Había colocado la moneda en la ranura de cobro, hizo esta una parábola misteriosa que la saco de la bandeja y la lanzó al piso, desapareciendo fuera de la estación. Una mano misteriosa recogió la moneda y la hizo aparecer por debajo de la pared, permitiéndome realizar el viaje más cómodo y extraño que jamas haya realizado.
Y estamos aquí de nuevo, en este camino ya recorrido, casi olvidado, cáncer dijeron, luego de pinchazos, cortes, lagrimas, consuelos, esperanza, desesperanza, desnudeces, tu cuerpo expuesto ya no es tuyo, le pertenece a alguien más, es mejor desconectarse. Lo recuperas, es tuyo nuevamente hasta que vuelva a ser necesario desconectarse y huir, dejar que a ese cuerpo le hagan lo necesario.
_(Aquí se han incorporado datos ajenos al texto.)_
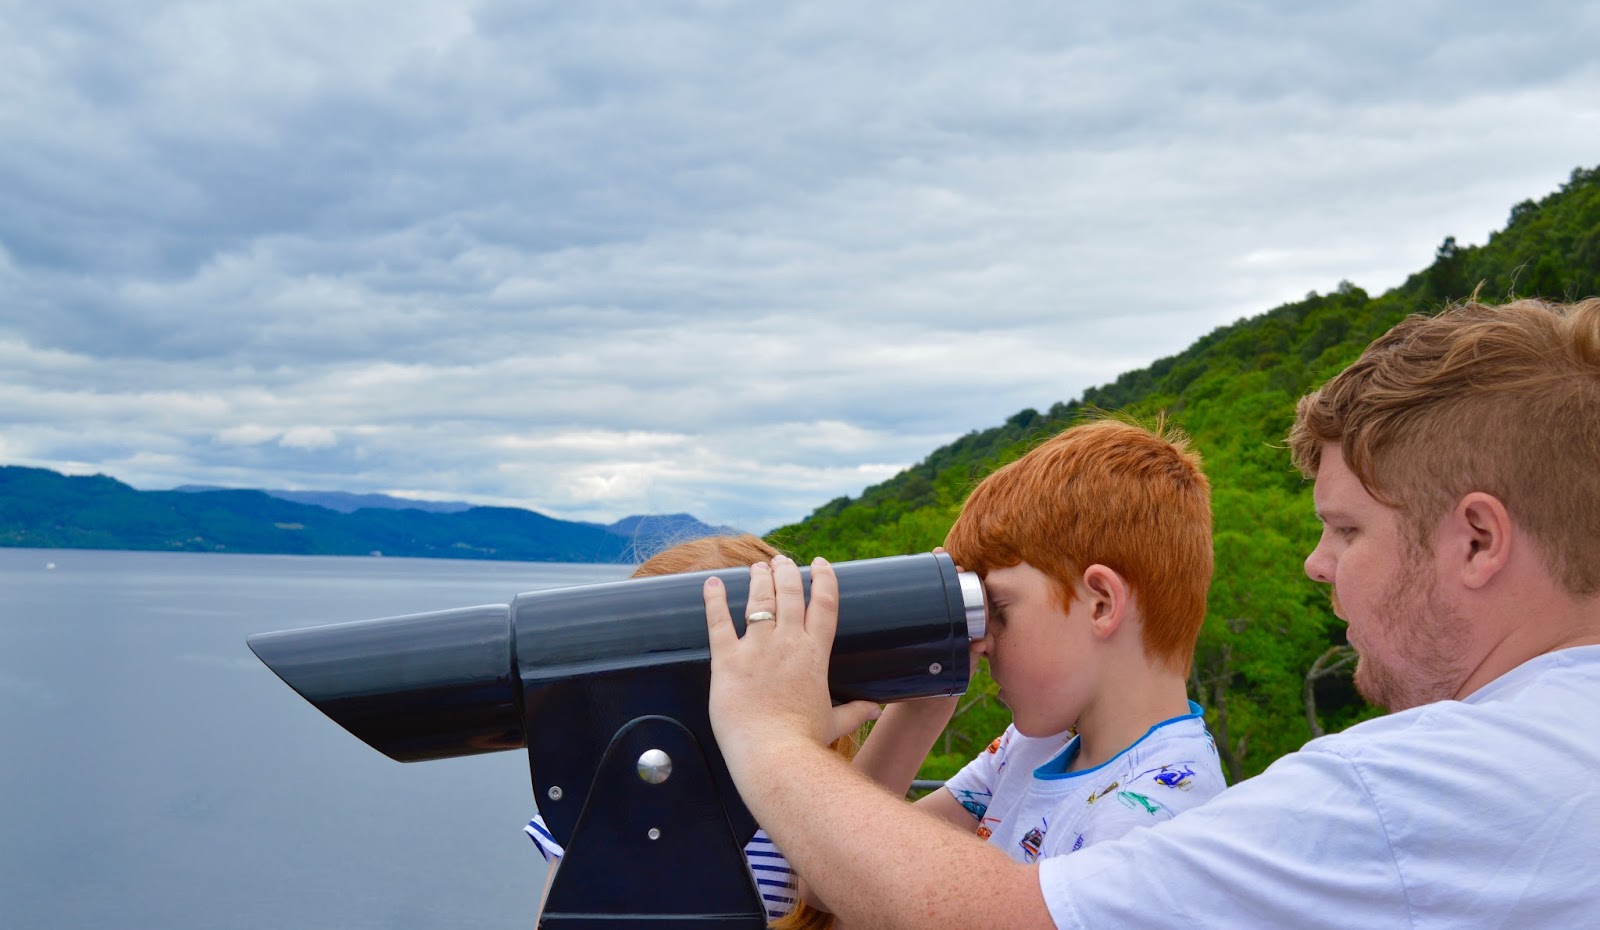 Urquhart Castle, Loch Ness | A Review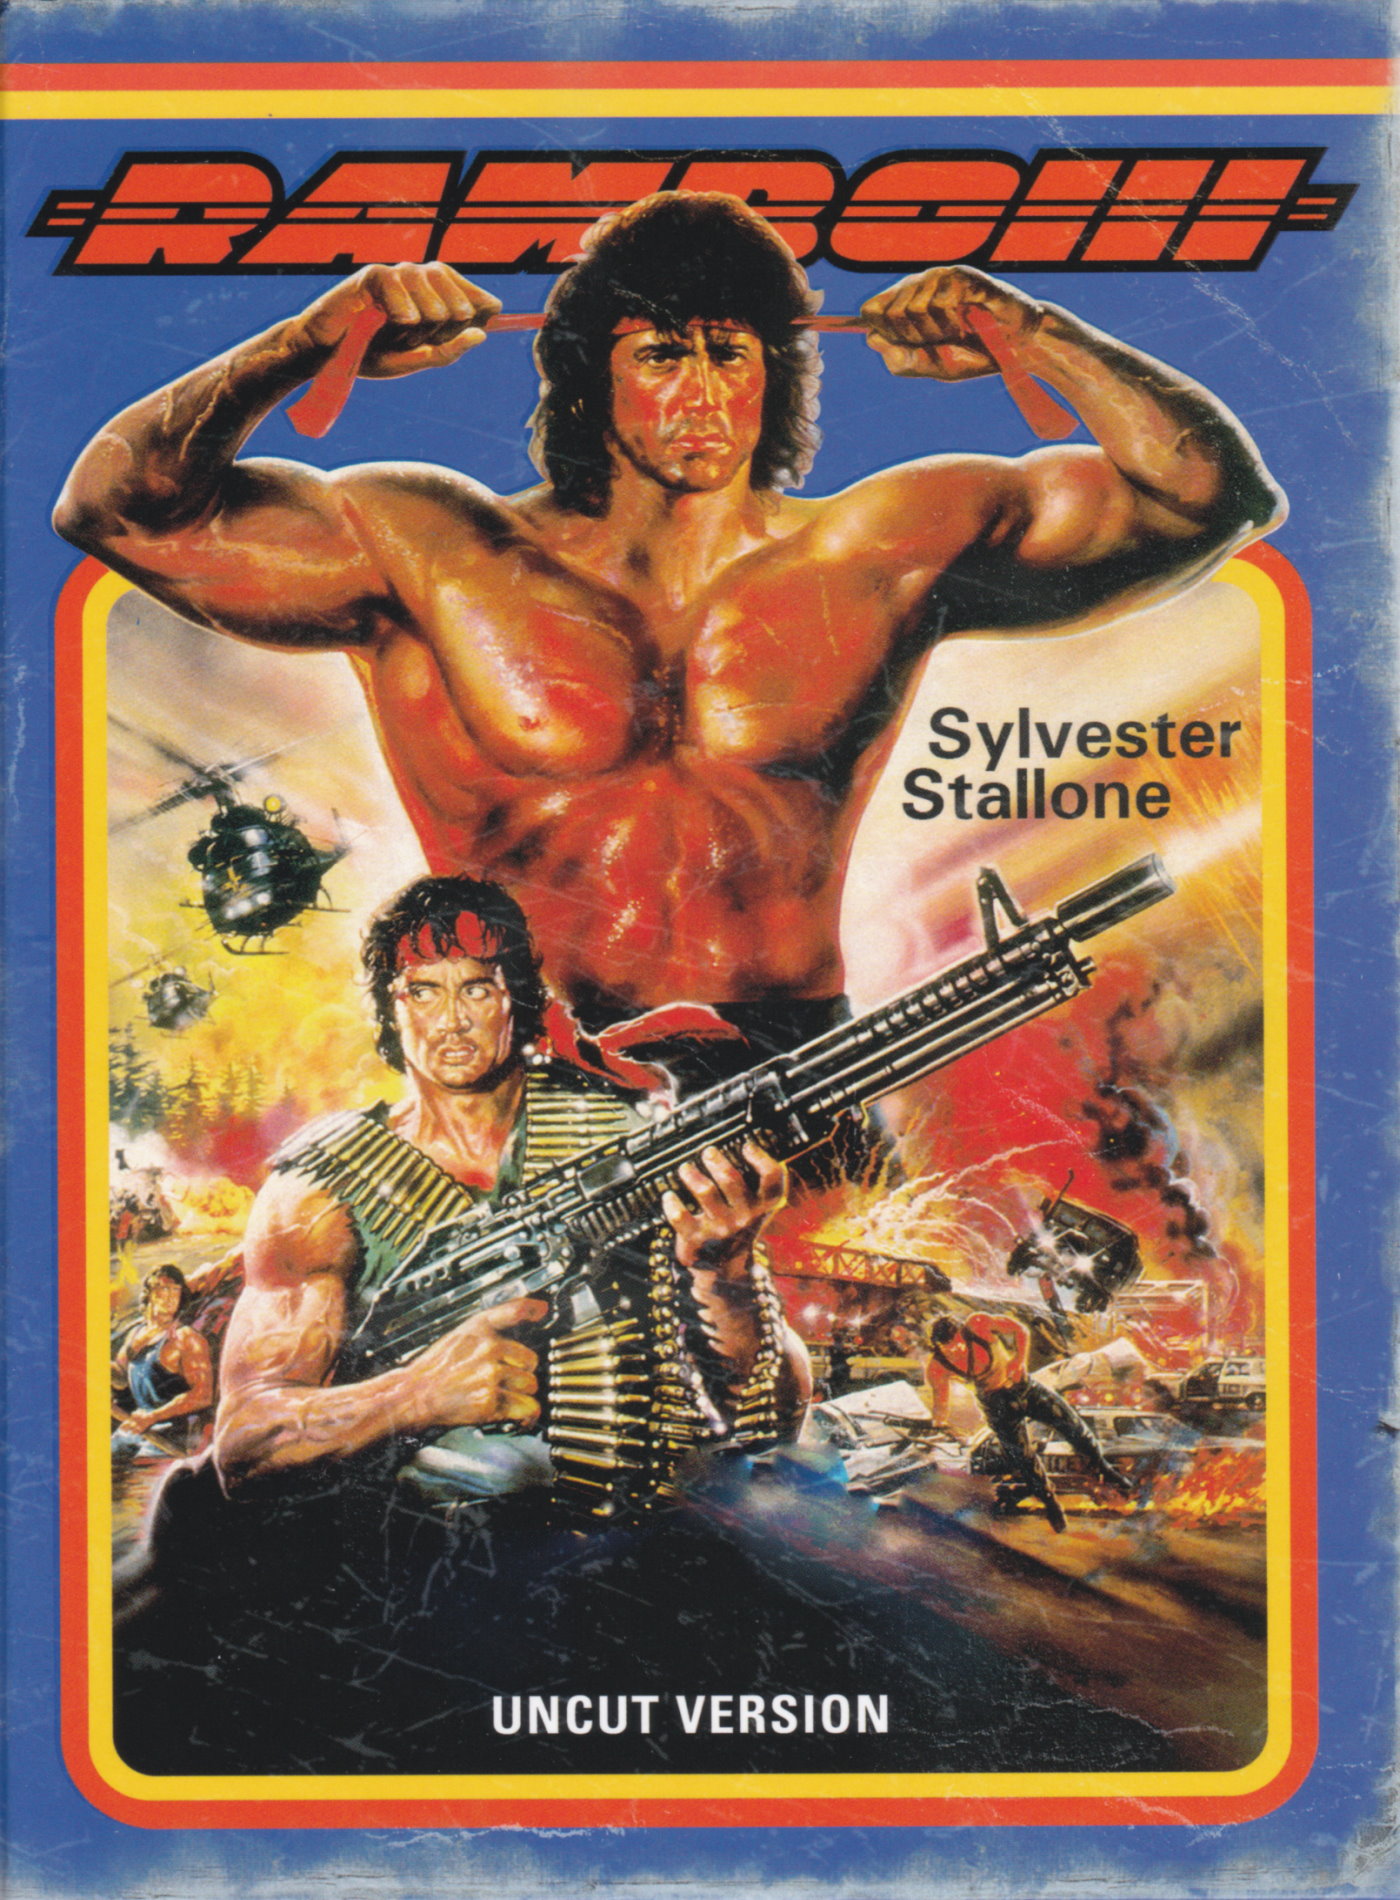 Cover - Rambo III.jpg

El viaje había sido largo, solo en el camino sintió un leve zarandeo que no llegó a despertarla. Ahora está completamente despierta y mira hacia el lecho, terrible hospedaje, se nota la humedad, la cama es mullida, tiene sábanas blancas, se levanta y mira bajo la cama, es peor de lo que pensaba, la cama está hecha de cemento, un terrible escalofrío le recorre la espalda, todos los recuerdos vienen a su mente, el accidente y la sensación de levedad.